Dataset section —
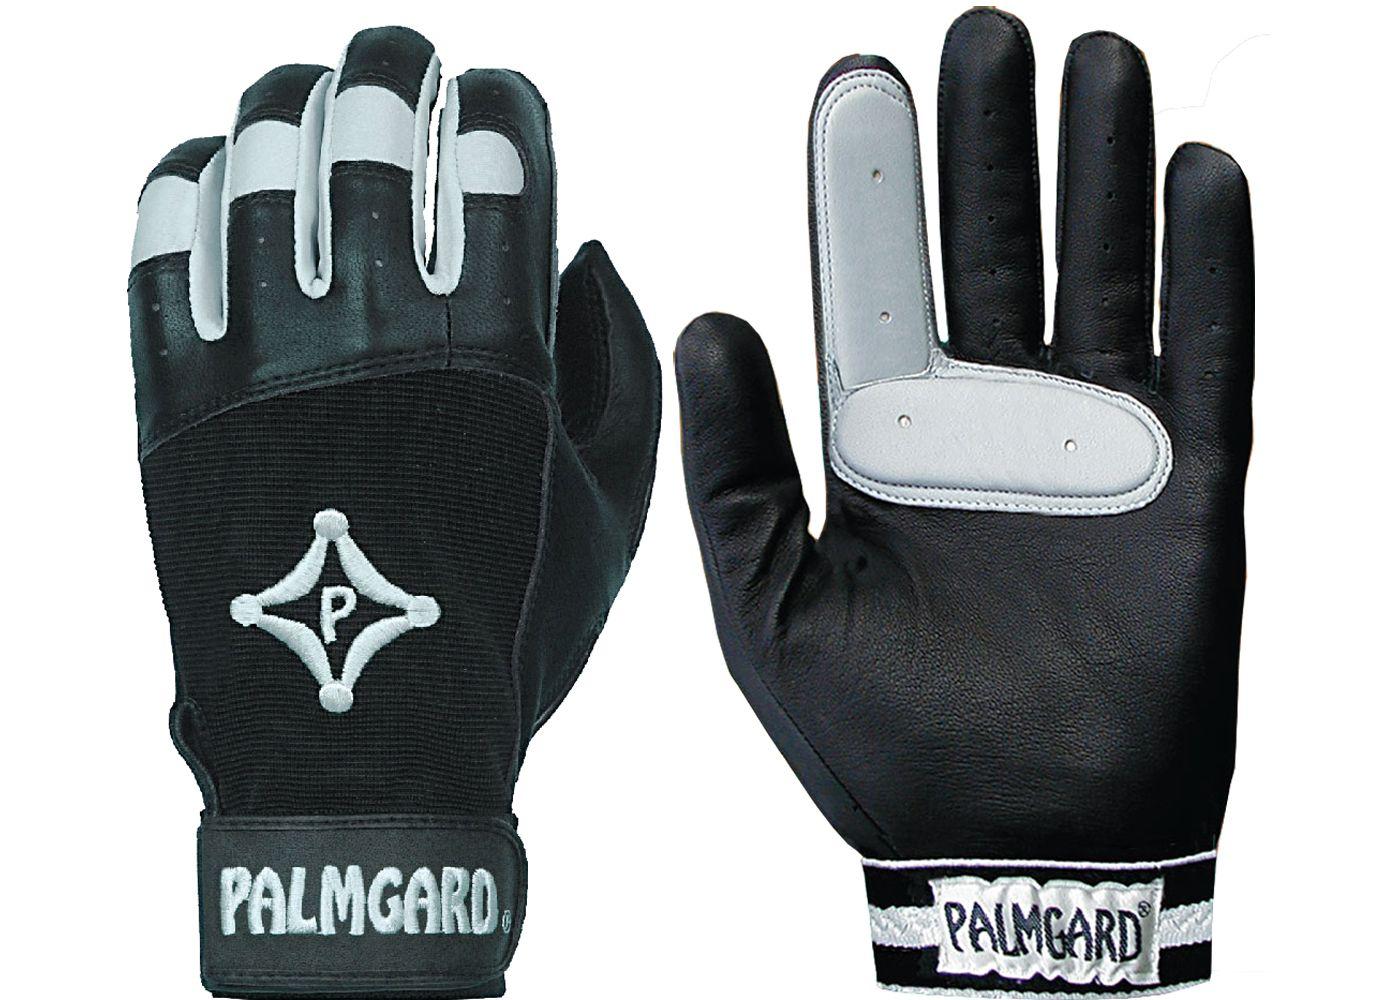 PALMGARD Adult Protective Inner Mitt Glove - Left Hand
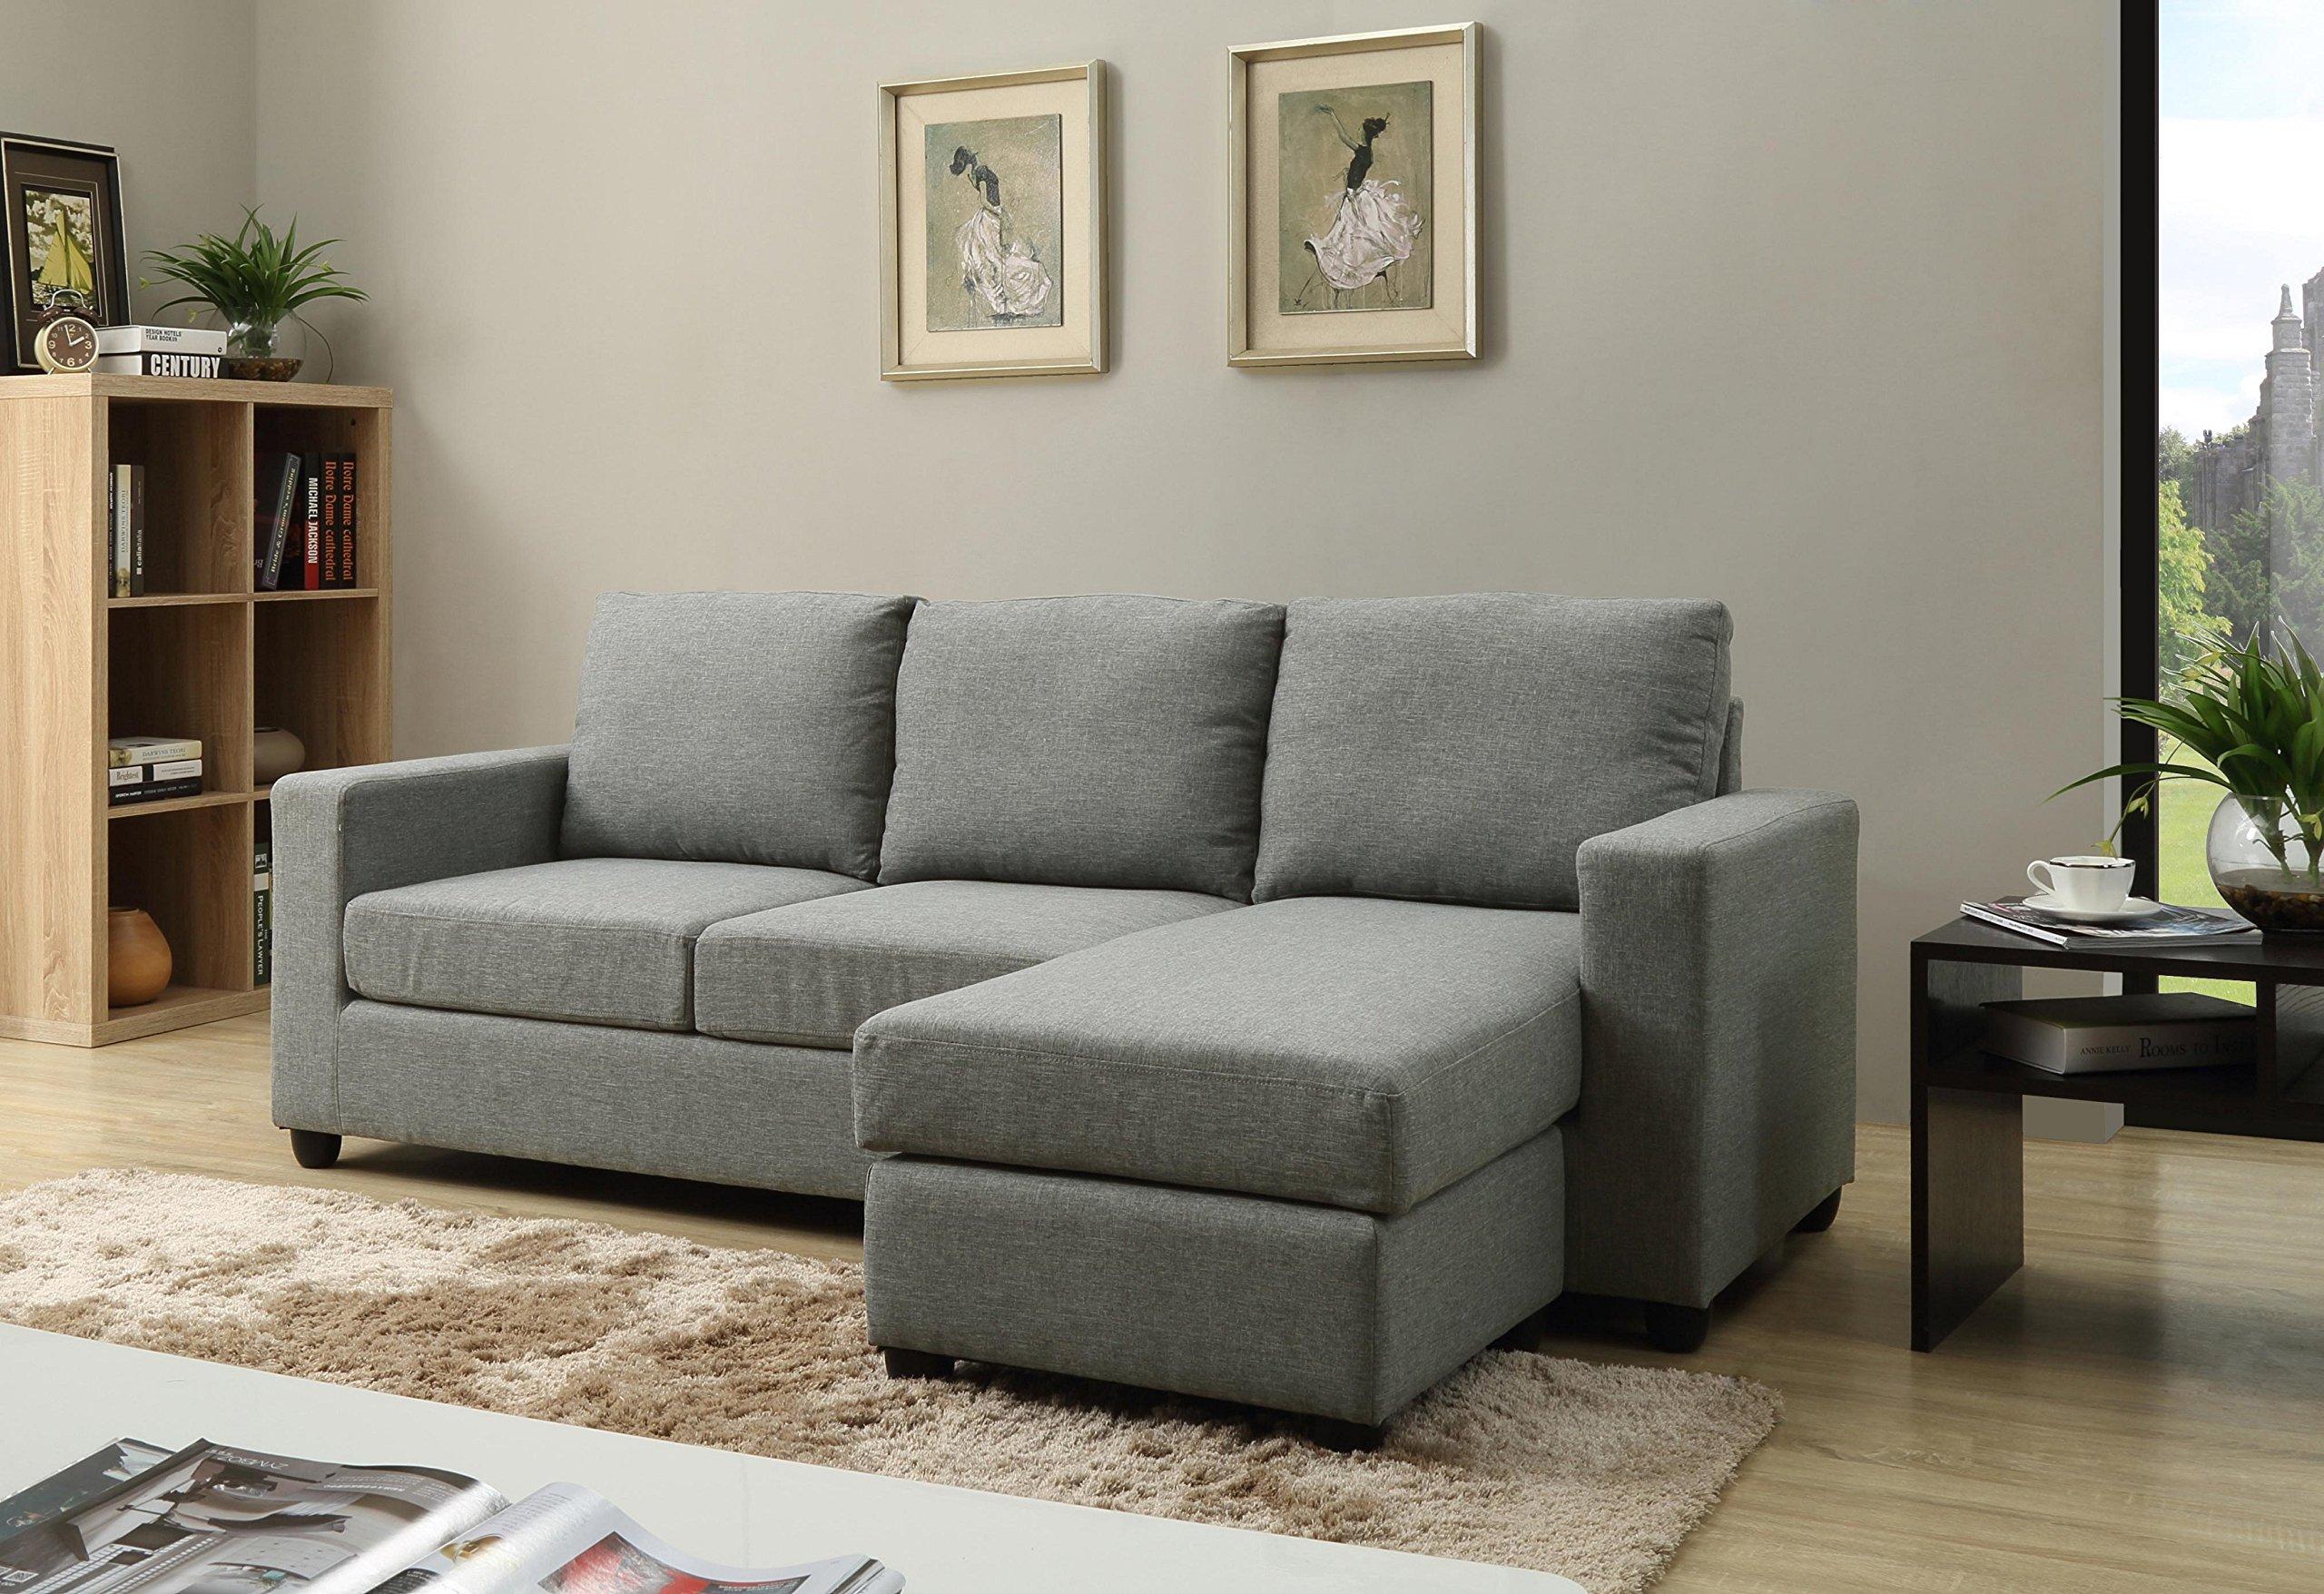 NHI Express Alexandra Convertible Sectional Sofa, Grey | eBay
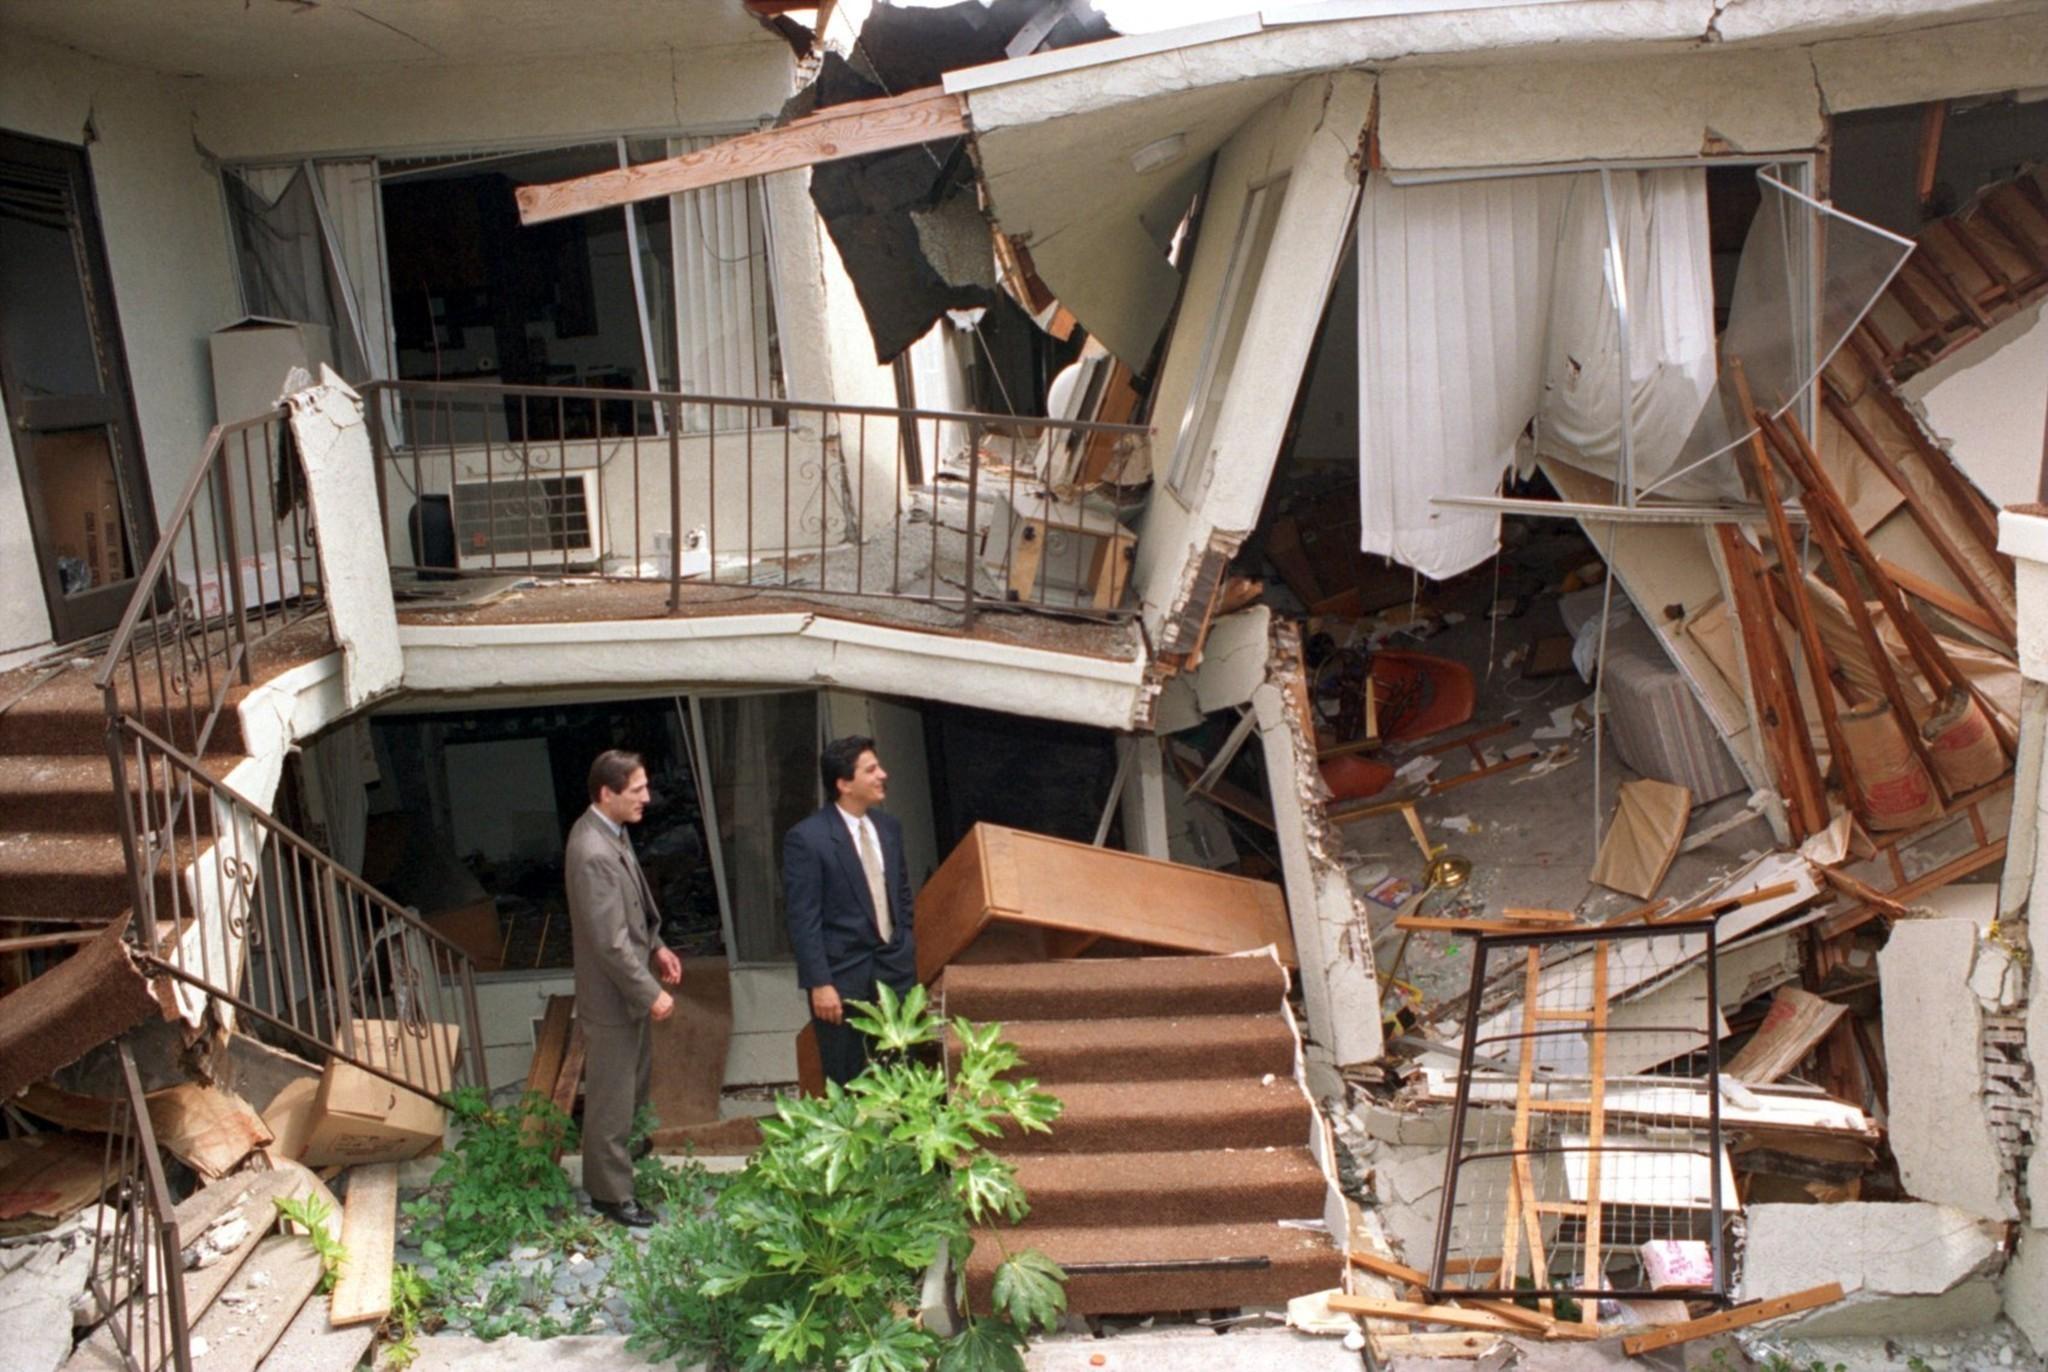 San Francisco Earthquake Retrofit Proposal Could Put Renters At Risk

What the task asks —
Keep the pictures out, and write out the rest of the data above word for word.

Solved exercise —
 PALMGARD Adult Protective Inner Mitt Glove - Left Hand
 NHI Express Alexandra Convertible Sectional Sofa, Grey | eBay
 San Francisco Earthquake Retrofit Proposal Could Put Renters At Risk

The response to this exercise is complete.